Transitioning off Notify

As of October 24, 2022, Twilio Notify is no longer for sale to new customers and it will reach end of life on October 23rd 2023 for existing customers. Since this product will not persist past this date, we have created this guide to help you identify other Twilio products that may fit your use case, as well as solutions outside of Twilio. Please continue reading for full details.

Twilio Notify alternative solutions

Here are some Twilio solutions that may fit your use case:

  • Twilio’s SMS API is a great replacement for any Notify based SMS use cases. You can also use the message scheduling feature to schedule up to 500,000 messages!
  • Verify is a Twilio product that enables a user verification method known as “push authentication”, which involves sending a push notification that asks a user to approve a login or other sensitive action. This is an option worth considering if your business requires a digital verification use case in your communication strategy.
  • Conversations is a Twilio product accessible via a single API for seamless conversational messaging. This is an option worth considering if your business utilizes push for 2-way messaging in your communication strategy.
  • Twilio Segment is a product that offers omnichannel customer engagement built on a customer data platform with downstream push notification partners and guides for push notification creation. You can also utilize a full walkthrough for push notification creation using Braze as a downstream partner.

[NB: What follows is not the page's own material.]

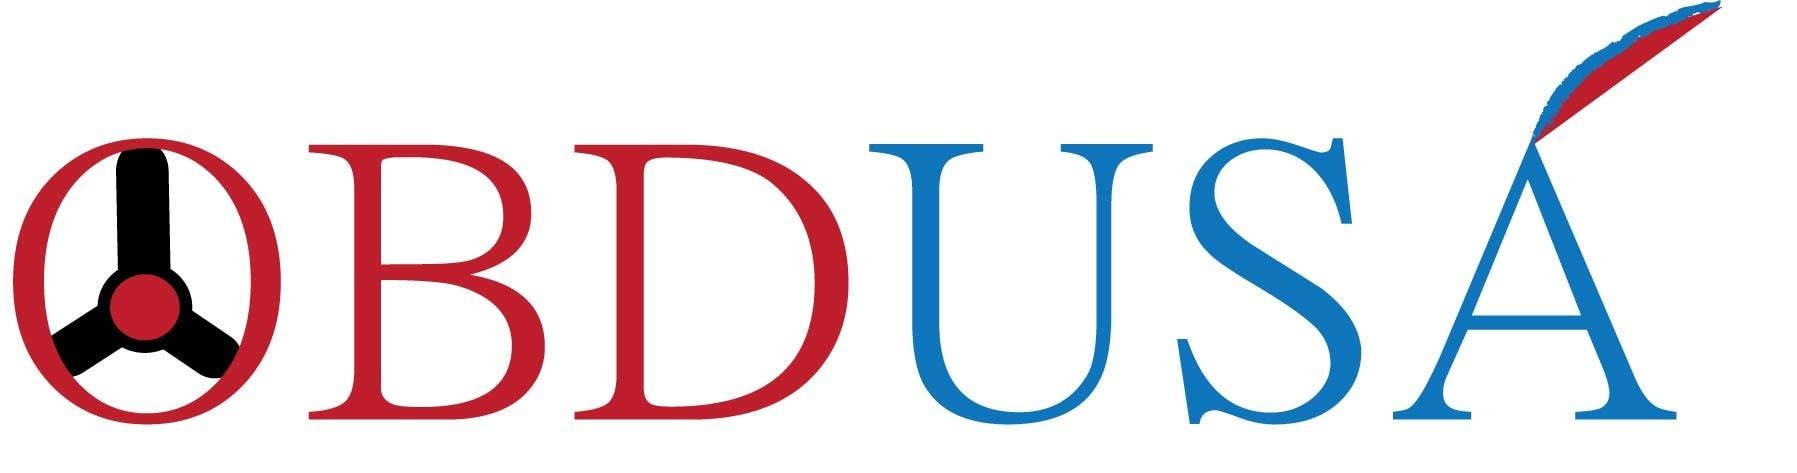 Konkurrenceindlæg #                                        28                                      for                                         Design a Logo for OBDUSA

Recommendations outside of Twilio

If none of the Twilio products listed above meet your push notification use case, we recommend Google’s Firebase Cloud Messaging solution.  

Firebase Cloud Messaging (FCM) is a cross-platform solution to facilitate push delivery at no cost. FCM enables developers to send push notifications to iOS, Android, or Web devices all from the same platform.

Notify required bindings to link end user device addresses to a Twilio identity, while FCM requires the Firebase SDK to be directly integrated with the client side application. in addition, FCM provides benefits that were not available through Notify including detailed reporting, impressions, and other metrics.

An FCM implementation requires three main components for sending and receiving notifications:

  1. A trusted environment or an application server on which to store device registration tokens, build notifications, and send them to your destination.
  2. An Apple, Android, or web (JavaScript) client app that receives messages via the corresponding platform-specific transport service through the FCM SDK.
  3. An FCM project registered with the client applications and an FCM Server Key.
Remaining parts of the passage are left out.